Pada masa awalnya bangunan yang disebut juga sebagai Pasanggrahan
hanya mempergunakan kayu dan belum permanen. Pada tahun 1924 dibangun kembali
dengan tidak merubah dan menggantikan ukuran-ukurannya. Pada tahun 1927 menjadi
bangunan permanen seperti bentuknya yang sekarang. Pada masa berikutnya
Pasanggrahan itu menjadi milik PT. Timah dan dinamakan Wisma Ranggam yang difungsikan
sebagai tempat menginap tamu. Pembangunan-pembangunan yang terjadi menyebabkan
perubahan bentuk di beberapa bagian
bangunan. Nasib Wisma Ranggam berikutnya kurang terpelihara setelah PT. Timah
mengalami kemunduran berkaitan dengan harga timah yang semakin murah. Pada
tahun 2002 Balai Pelestarian Peninggalan Purbakala melakukan pemugaran
untuk mengembalikannya kepada bentuk
semula. Pemugaran yang berjalan selama dua tahun telah menjadikan Wisma
Ranggam kembali kebentuk aslinya. Setelah
itu ditempatkan dua orang juru pelihara untuk melakukan pemeliharaannya.
Sejarah
Wisma Ranggam
Kota Mentok yang pernah menjadi ibukota pemerintahan
Pulau Bangka di masa lalu meninggalkan banyak bangunan purbakala, terutama yang
berasal dari masa kolonial Belanda. Belanda berkuasa sangat lama dan melakukan eksplorasi
timah secara besar-besaran. Pertambangan timah di pulau ini mendorong pekerja
tambang dari luar terutama Cina berdatangan dan menetap ke Pulau Bangka. Hal
ini terlihat dari bangunan purbakala dan peninggalan lainnya yang banyak
terdapat di Mentok bernuansa kolonial dan Cina.

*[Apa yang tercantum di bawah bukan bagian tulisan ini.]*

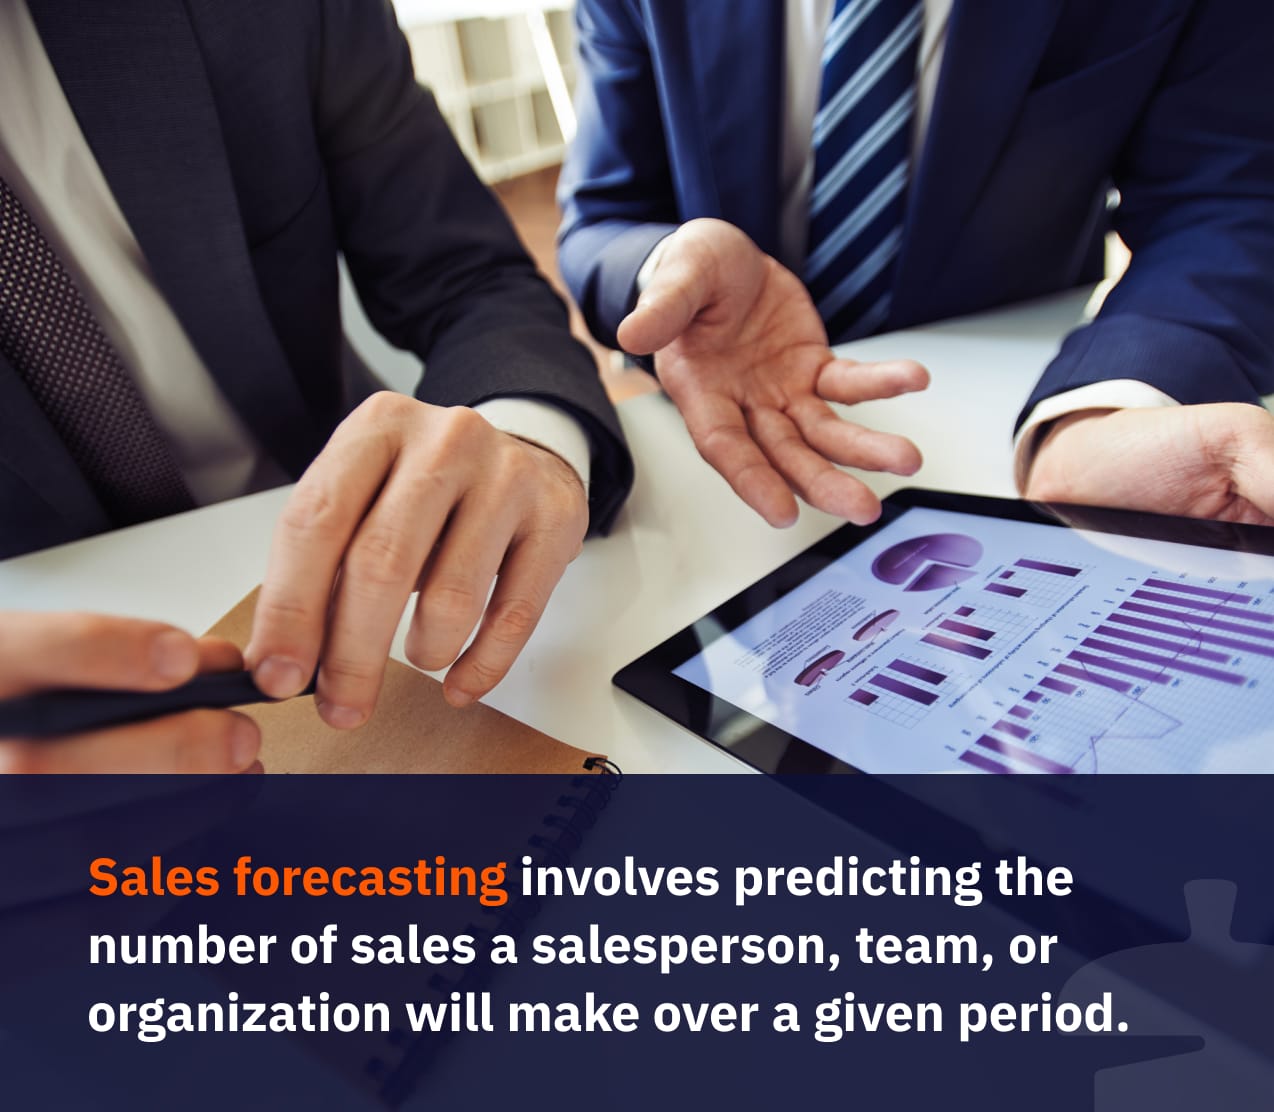 Sales forecasting involves predicting the number of sales a salesperson, team, or organization will make over a given period

Bangunan Kolonial yang terdapat di Kota Mentok salah
satunya adalah Wisma Ranggam. Wisma Ranggam dahulunya bernama Pesanggrahan
Mentok. Kata pesanggrahan berasal dari bahasa Sansekerta yang artinya tempat
peristirahatan. Pesanggrahan Mentok dibangun sekitar tahun 1890 oleh perusahaan
timah Belanda yang bernama Banka Tin
Winning sebagai tempat peristirahatan pegawai yang bekerja. Pada awalnya bangunan
Pesanggarahan berupa bangunan yang terbuat dari kayu.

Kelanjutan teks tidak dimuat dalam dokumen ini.